Personal information
- National team: France
- Born: Mugisha May 10, 1991 (age 35)

Sport
- Sport: Long jump
- Disability class: T44

Achievements and titles
- Paralympic finals: 2012 Summer Paralympics; 2016 Summer Paralympics;

= Jean-Baptiste Alaize =

French athletics competitor

Jean-Baptiste Alaize (born 10 May 1991) is a French athlete with an amputated tibia, who specialises in sprint and long jump. He represented France at the Paralympic Games in 2012 and 2016.

==Biography==
Jean-Baptiste Alaize, originally named Mugisha, was born on 10 May 1991 in Muyinga Province, Burundi. He was one of six siblings and his father was in the military. On 23 October 1994, during the Burundian Civil War, his village was attacked by Hutu neighbors. His mother was decapitated in front of him and he was left for dead. He had his leg amputated and was abandoned by his father. In 1998, he was adopted by Robert and Daniele Alaize, a couple from Montélimar, France. There he was renamed to Jean-Baptiste Alaize.

In Montélimar, Jean-Baptiste and his adoptive brother Julien were the only black people, and they often faced bullying and racism. During a sports day at his school, he discovered that he had a talent for running when he was chosen to be last in a relay race and he caught up with the other competitors. When his class learned that Alaize had a prosthetic leg, he gained respect from his classmates. His physical education teacher advised him to join a local athletics club, and he began to regularly win against non-disabled runners. Alaize considered Oscar Pistorius to be his hero, and he wanted a running blade like him. His parents organized fundraising to pay for it.

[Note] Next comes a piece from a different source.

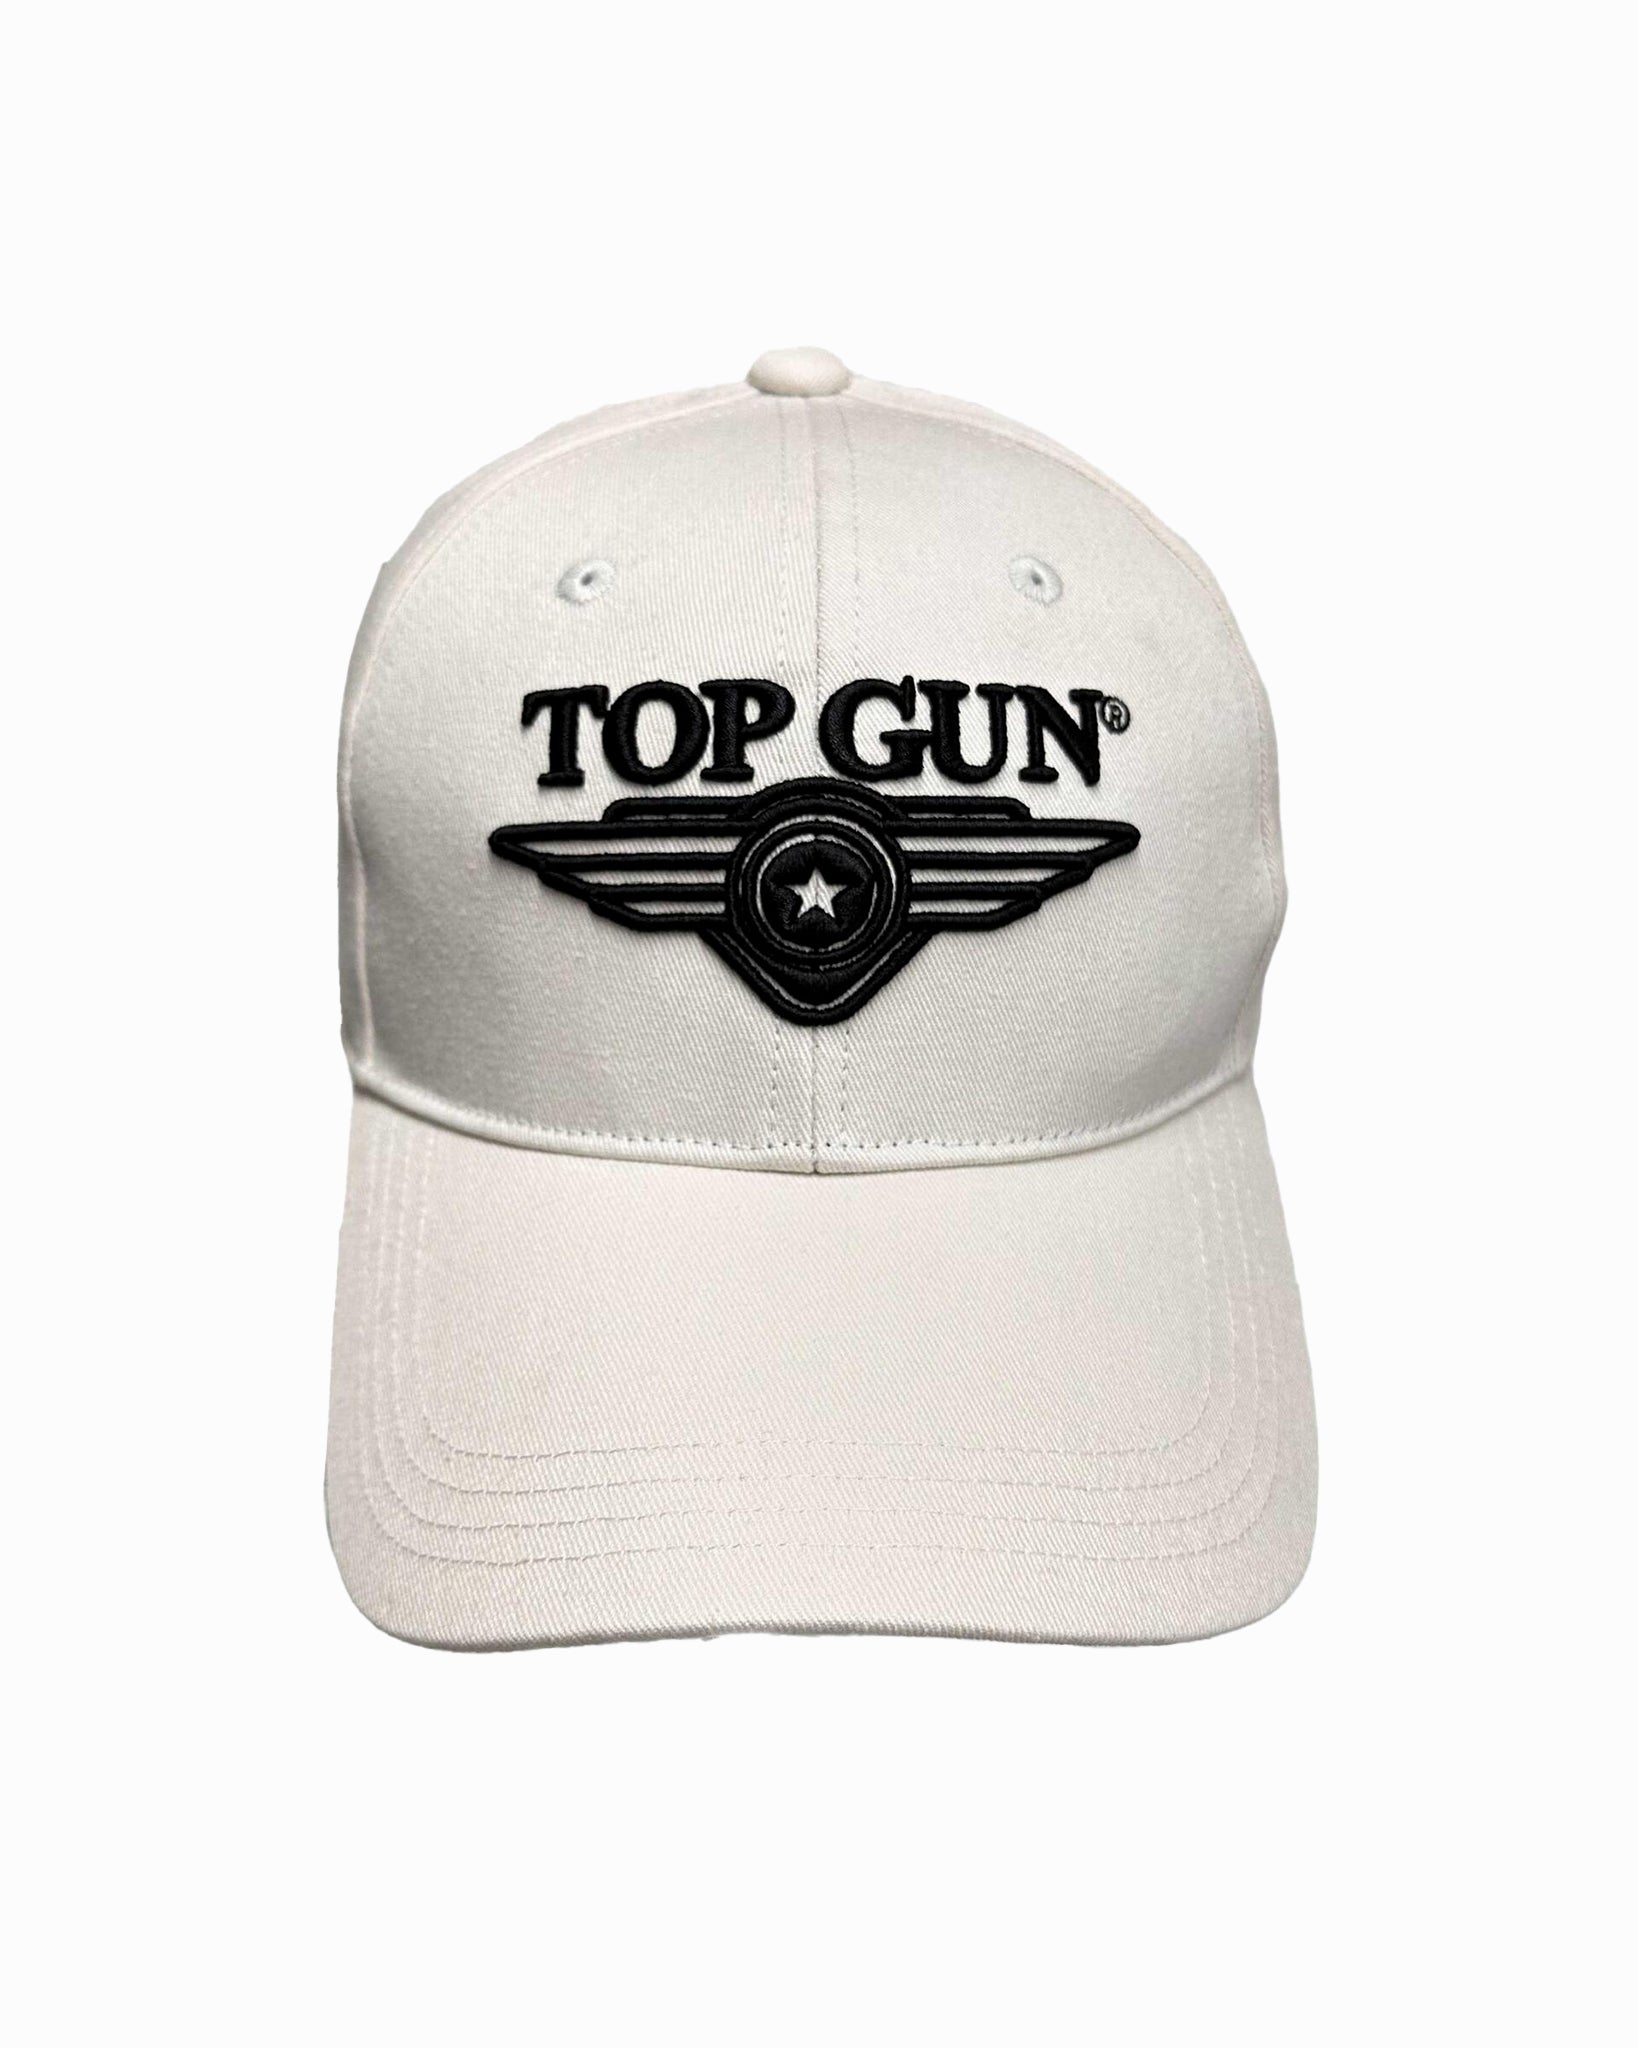 TOP GUN® 3D Gun – CAP Store LOGO Top

Alaize began to specialize in sprinting and long-jumping. He made his Paralympic debut at the 2012 Summer Paralympics in London and placed fifth in the T44 men's long jump event at the 2016 Summer Paralympics in Rio de Janeiro. In 2016, Alaize became a "Champion of Peace", one of 100 athletes promoting social unity, under the patronage of Albert II, Prince of Monaco. He is featured in the 2020 documentary film Rising Phoenix.